Treatment and Brace Types
This is the traditional “train-track type” brace. It consists of a flexible wire fitted onto brackets which are bonded to the teeth. It can only be used for permanent teeth and is able to move teeth slowly and accurately.
There are many types of removable braces. As the name suggests the brace can be removed for cleaning and in other circumstances but it is important that it is worn at all times that your dentist advises.
Also called “invisible braces,” aligners are made from clear BPA-free plastic. A series of aligners are custom made and each one is worn for two weeks. The aligners should be worn all the time, except for eating and cleaning. Treatment can be started only after all the baby teeth have fallen out and usually takes between six and eighteen months to complete. They are popular with patients who dislike the appearance of traditional braces.
This removable appliance has nickel-titanium coil springs which power aligner bow wires which rest on the inner and outer aspects of the front teeth. This produces gentle forces which act over a long range of movement to guide the teeth into their new position more quickly than other methods. It can be used to correct mild to moderate orthodontic problems for front teeth only and treatment usually takes between 6 and 18 weeks.
Primary teeth maintain the spaces into which the permanent teeth will erupt. If baby teeth are lost too early other teeth may tilt into or take up the vacant space, forcing permanent teeth to come in crooked. A space maintainer can be fitted immediately after a tooth is extracted to ensure that the space is kept until the new permanent tooth comes through. It may be fixed to the teeth or removable.
Correction of Cross Bites
When upper teeth are behind or inside the corresponding lower teeth in the bite it is called a crossbite. It is better to correct crossbites at an earlier stage they can cause chewing problems or damage to the teeth.
To a correct a crossbite of one or two upper teeth, a removable appliance with a spring which pushes the tooth forwards is often used.
Where back teeth are in crossbite, a palatal expander may be used. This brace contains a screw in the centre of the palate which is turned slightly once or twice a day to gently widen the arch of the upper jaw until the teeth are in the correct position.
Habit Breaker Appliance
This can be used for children have a persistent thumb or finger sucking habit after other methods of stopping the habit have already been tried. The appliance is fixed to the back teeth and has a blunt wire which sits behind the upper front teeth. With the habit breaker in place, attempting to suck the thumb becomes uncomfortable thus discouraging the habit. It also prevents any suction force being placed on the teeth.
Also called Functional Appliances, these types of brace are used when the upper teeth further forward than normal in relation to the lower teeth.

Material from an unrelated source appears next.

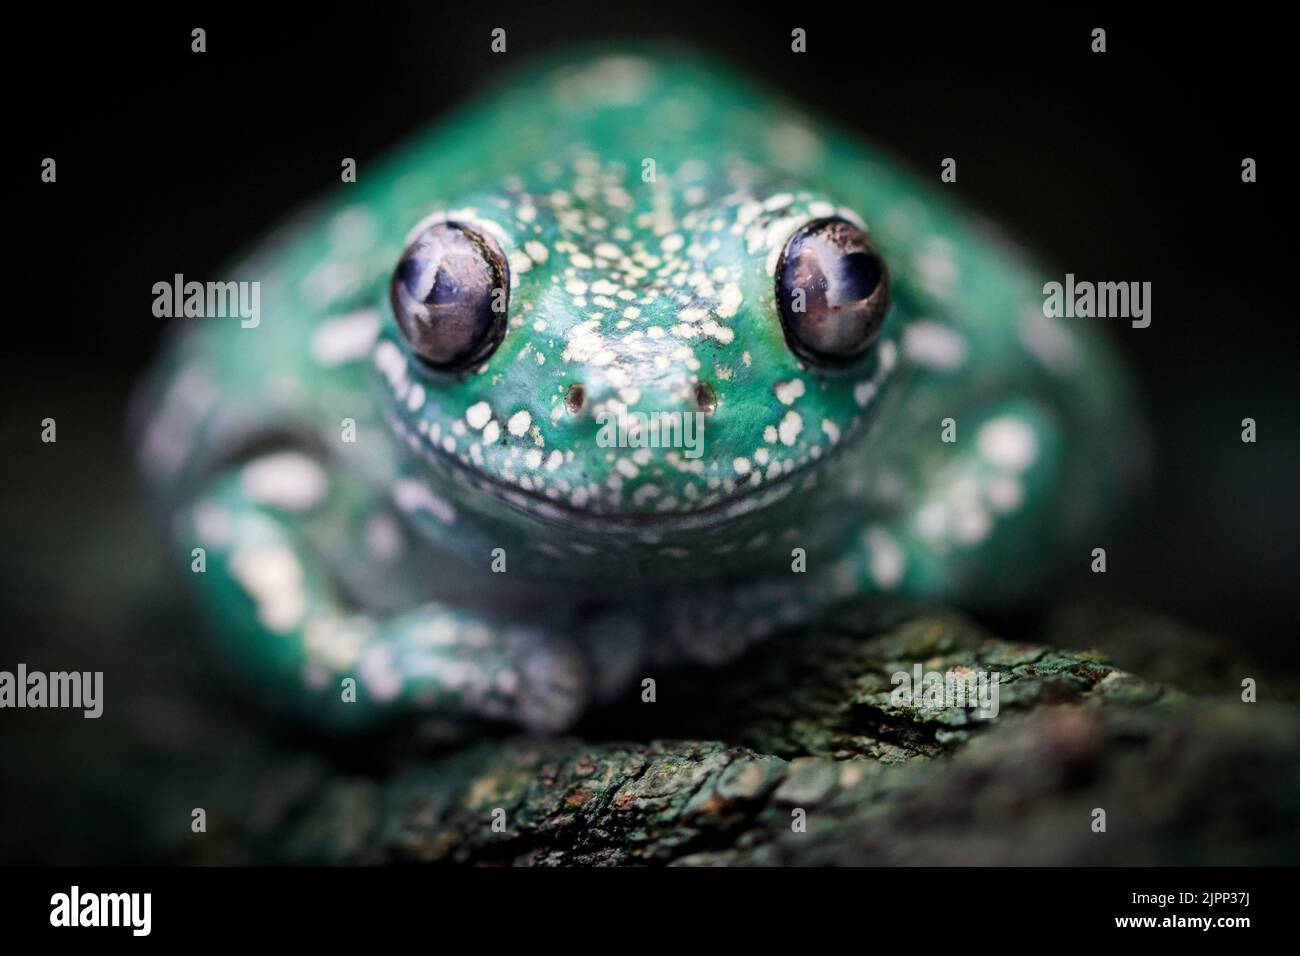 Primo piano di una rana verde con macchie bianche che guardano la fotocamera Foto Stock

They are best used prior to or during the adolescent growth spurt, which typically occurs around 11-14 years in boys and 10-13 years in girls. Functional appliances can help correct the growth of the jaws by utilizing the power of the jaw muscles. This may avoid the need for extractions and more complex treatment when the child is older. They are worn for at least 9 to 12 months may be fixed or removable.
Orthognathic Treatment (Jaw Surgery)
For those who have a large discrepancy in the size or position of the jaw bones, treatment with braces alone will not be able to correct the bite. In these cases, surgery is required in combination with orthodontics.